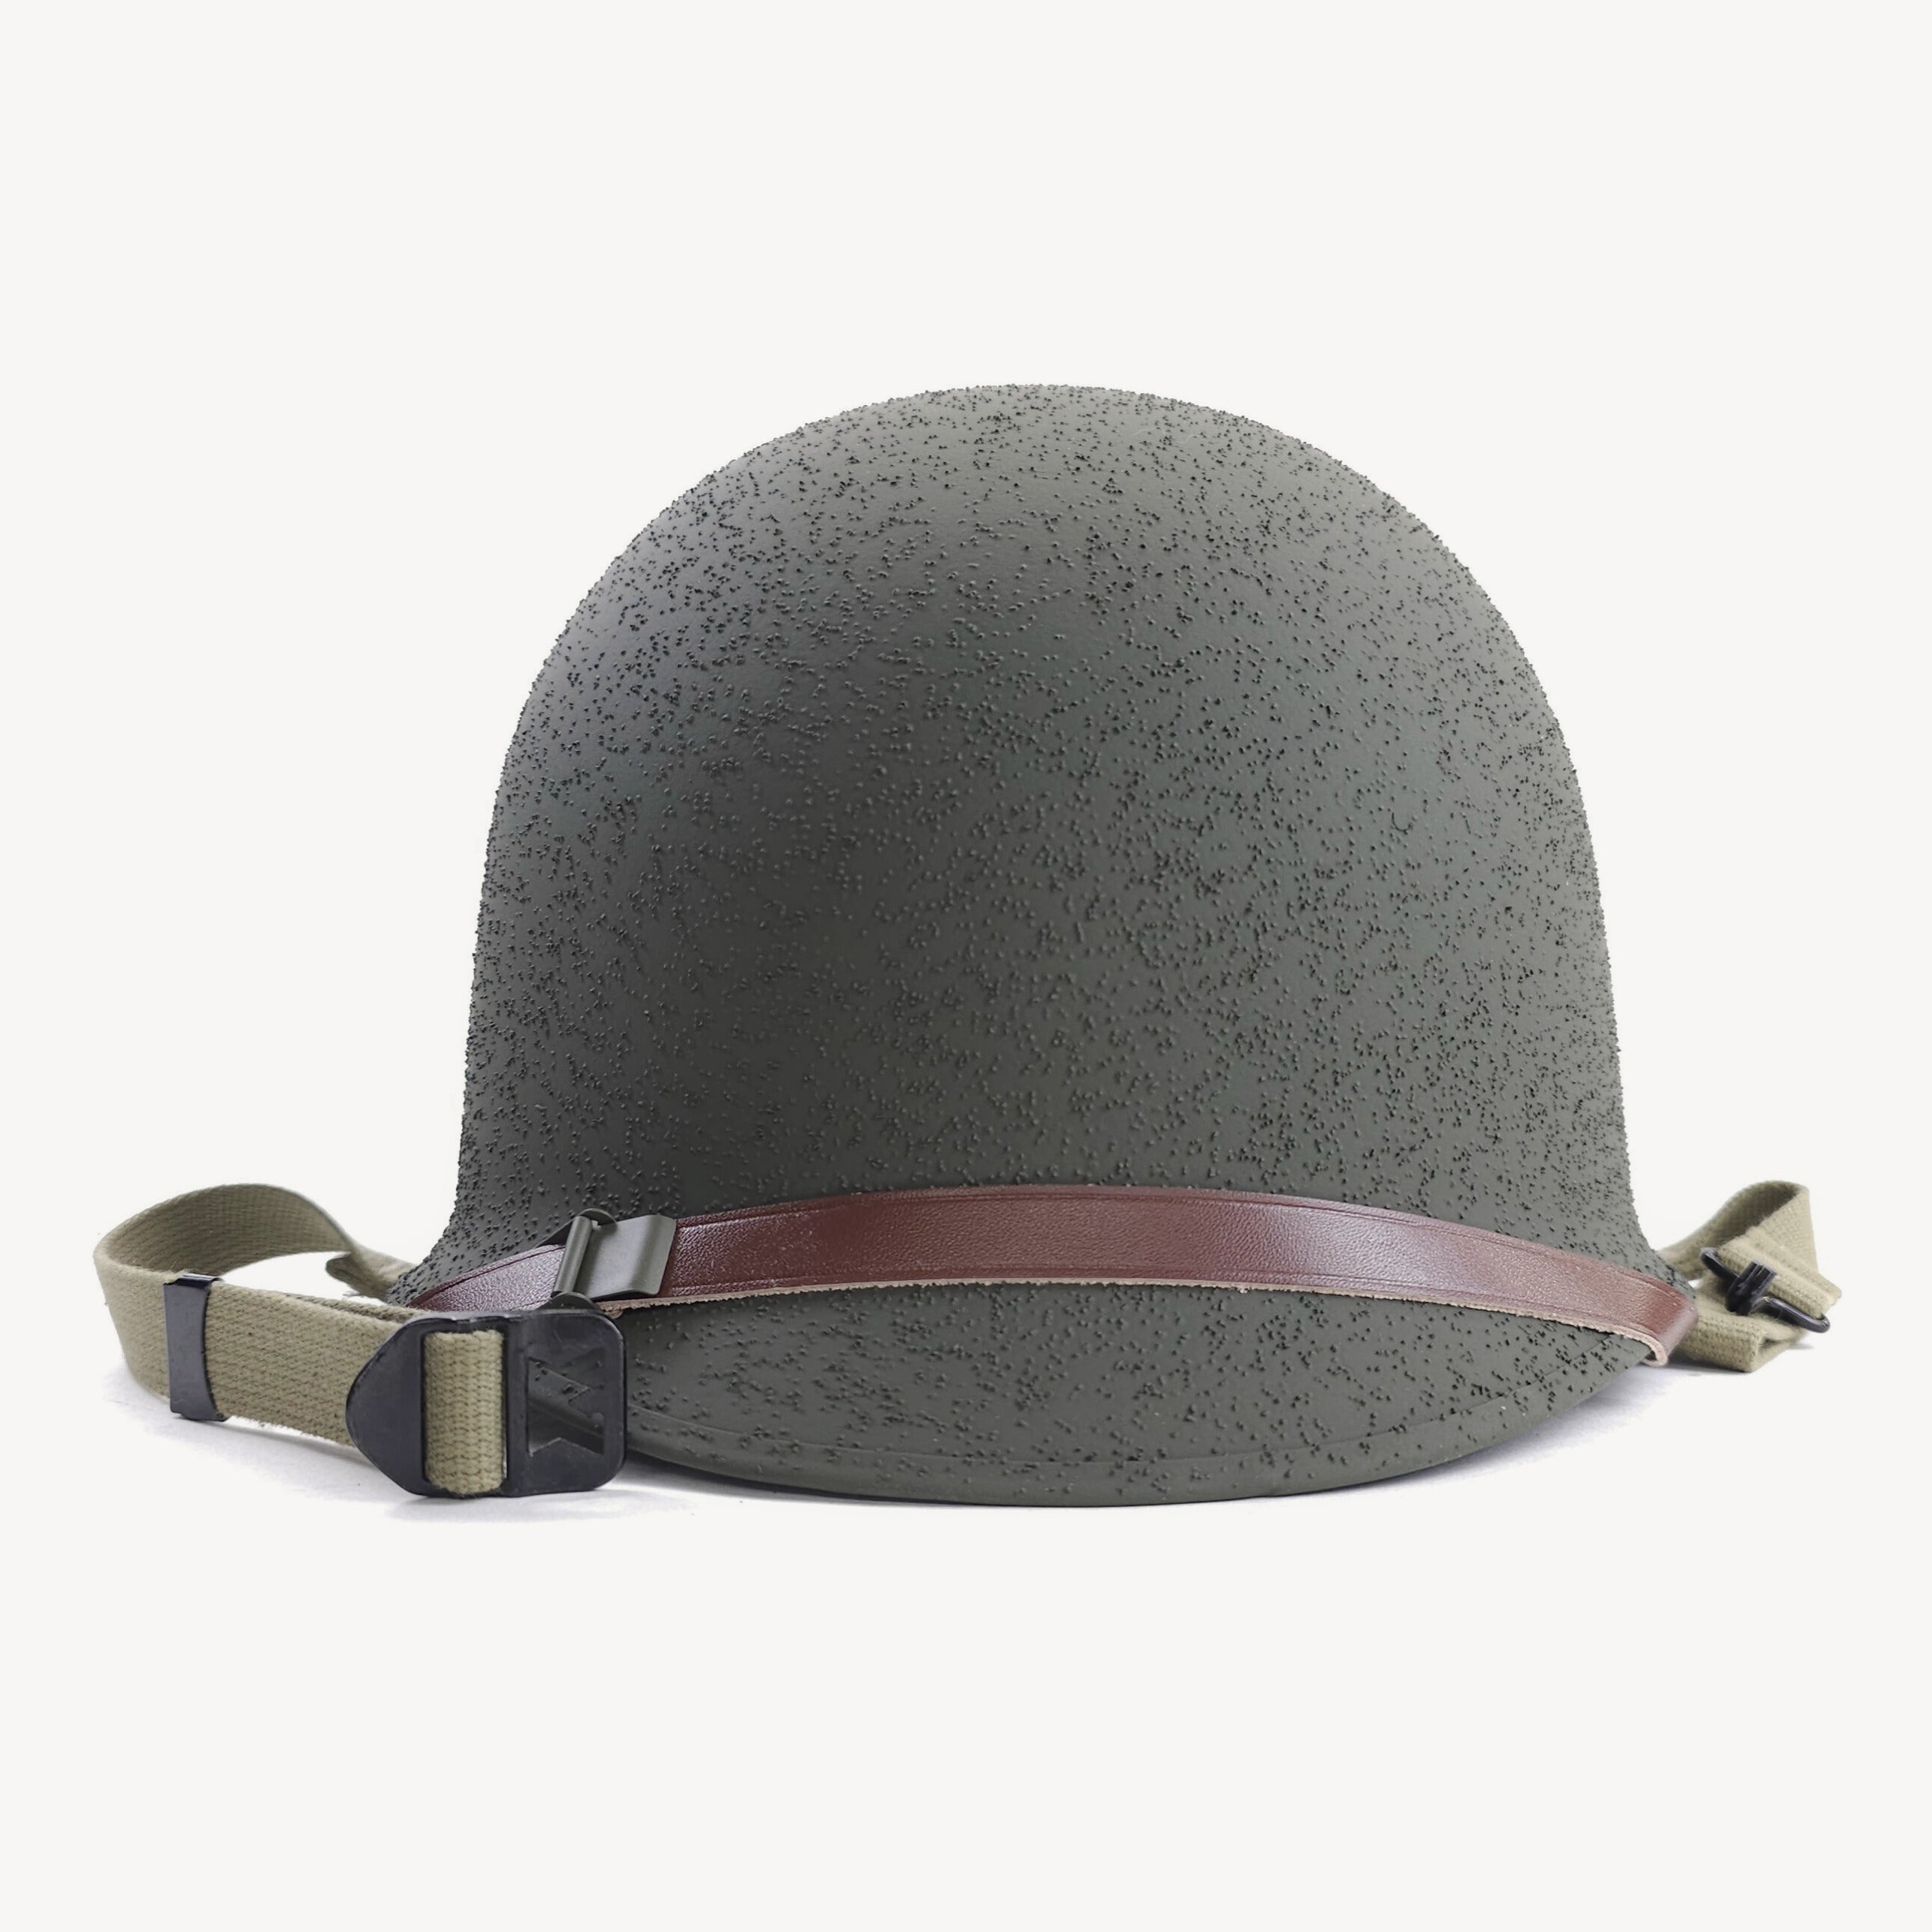 Euro Clone Helmet - Early War - Infantry
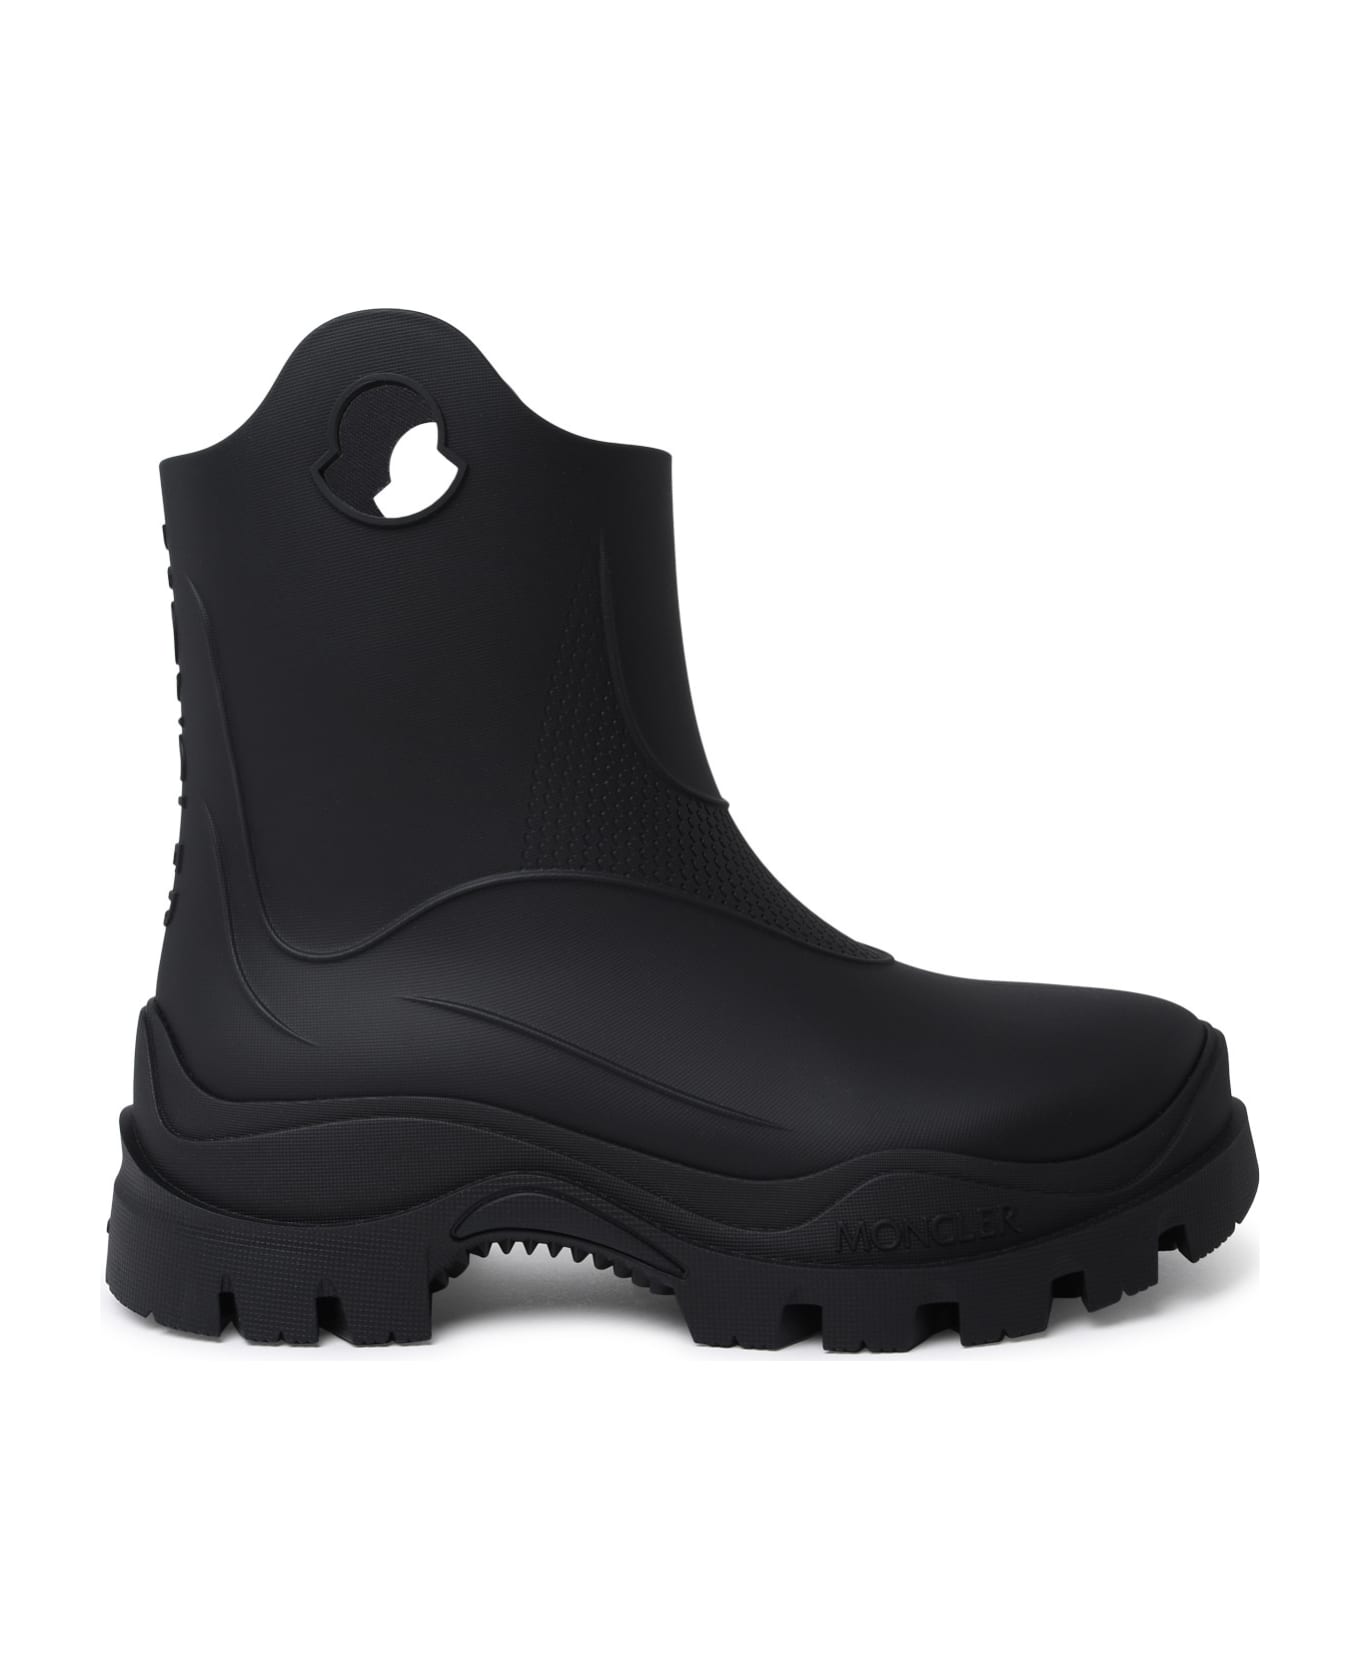 Moncler 'misty' Black Pvc Rain Boots - black ブーツ
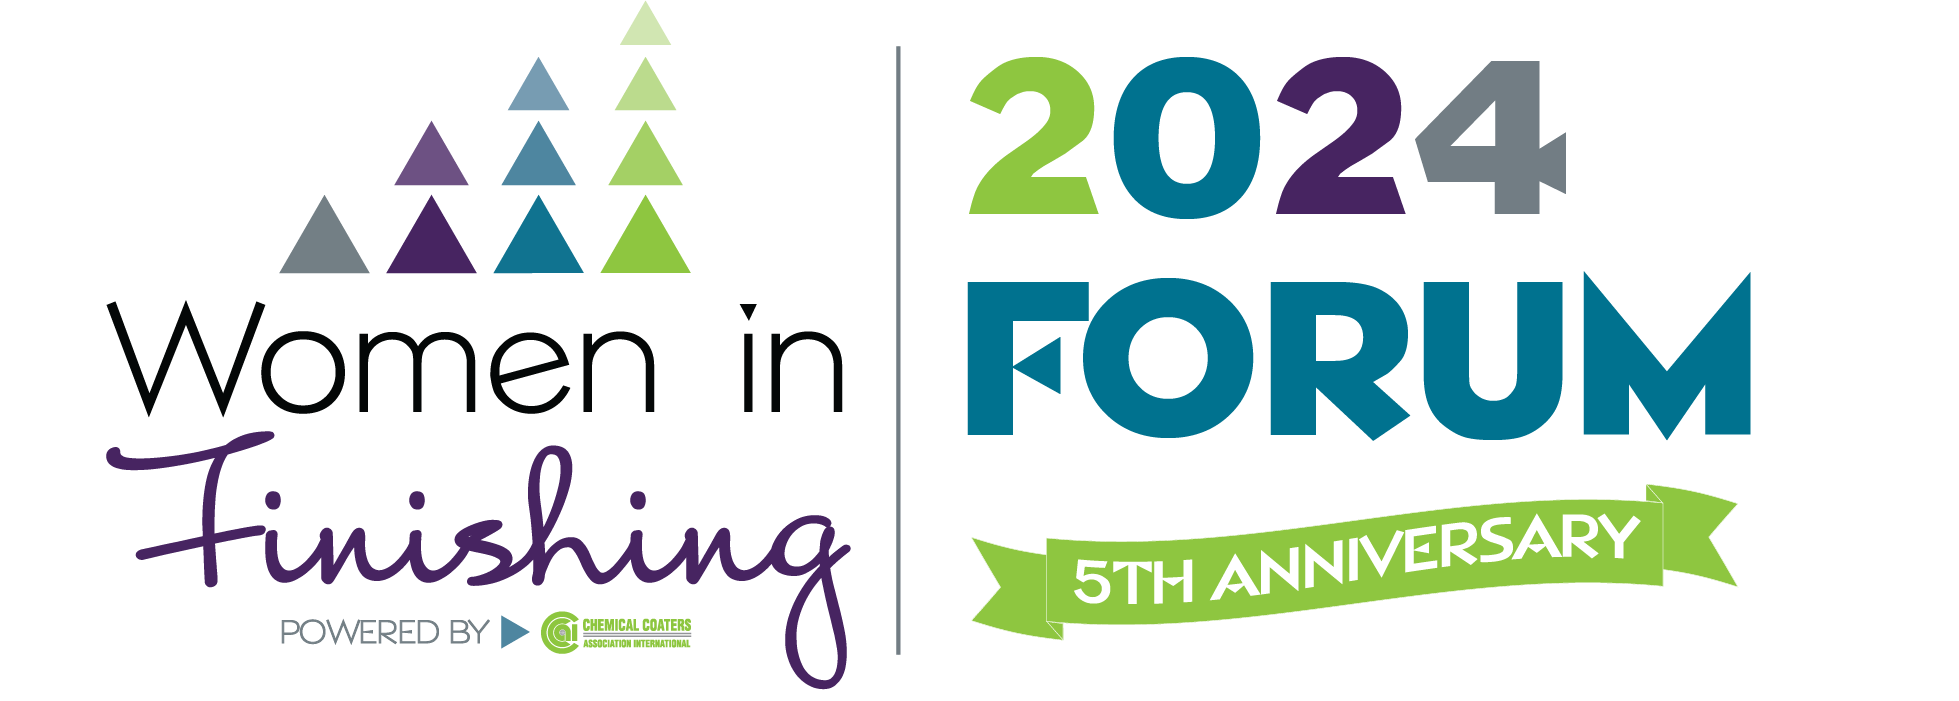 2024 Women in Finishing FORUM Logo

***

◆ Exercise requirements
The material must be returned exactly, with its pictures omitted.

◆ Result of this task
 Euro Clone Helmet - Early War - Infantry
 Moncler 'misty' Black Pvc Rain Boots - black ブーツ
 2024 Women in Finishing FORUM Logo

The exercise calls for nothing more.